1-(sulfonyl)-5-(arylsulfonyl)indoline as activators of the tumor cell specific M2 isoform of pyruvate kinase

Cancer cells preferentially use glycolysis rather than oxidative phosphorylation for their rapid growth. They consume large amount of glucose to produce lactate even when oxygen is abundant, a phenomenon known as the Warburg effect. This metabolic change originates from a shift in the expression of alternative spliced isoforms of the glycolytic enzyme pyruvate kinase (PK), from PKM1 to PKM2. While PKM1 is constitutively active, PKM2 is switched from an inactive dimer form to an active tetramer form by small molecule activators. The prevalence of PKM2 in cancer cells relative to the prevalence of PKM1 in many normal cells, suggests a therapeutic strategy whereby activation of PKM2 may counter the abnormal cellular metabolism in cancer cells, and consequently decreased cellular proliferation.
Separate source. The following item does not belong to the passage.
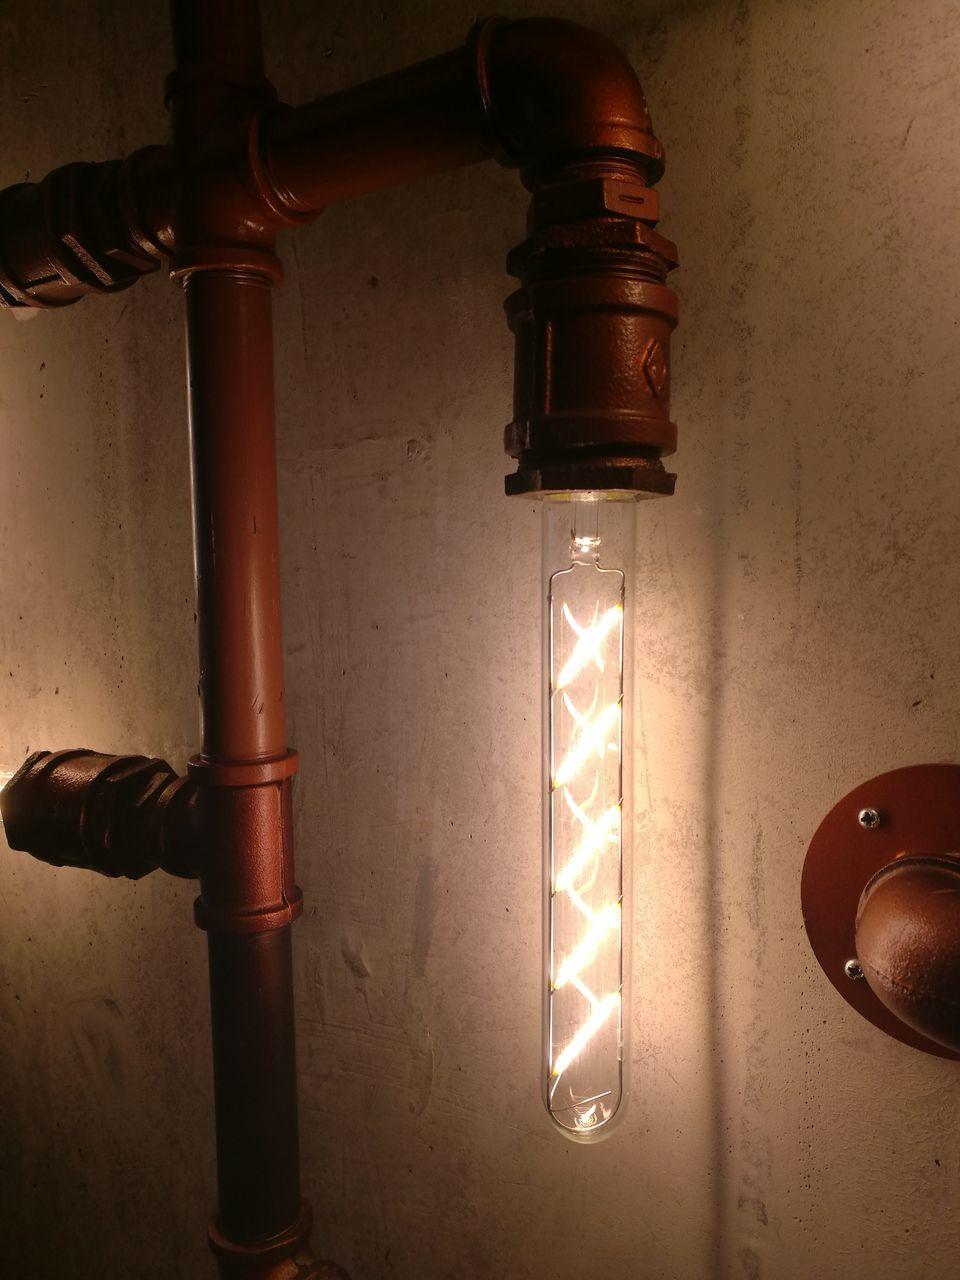 illuminated, indoors, lighting equipment, close-up, no people, technology, day

Herein we describe the discovery and optimization of a series of PKM2 activators derived from the 2-((2,3-dihydrobenzo[b][1,4] dioxin-6-yl)thio)-1-(2-methyl-1-(methylsulfonyl)indolin-5-yl) ethanone scaffold. The synthesis, SAR analysis, enzyme active site docking, enzymatic reaction kinetics, selectivity and pharmaceutical properties are discussed.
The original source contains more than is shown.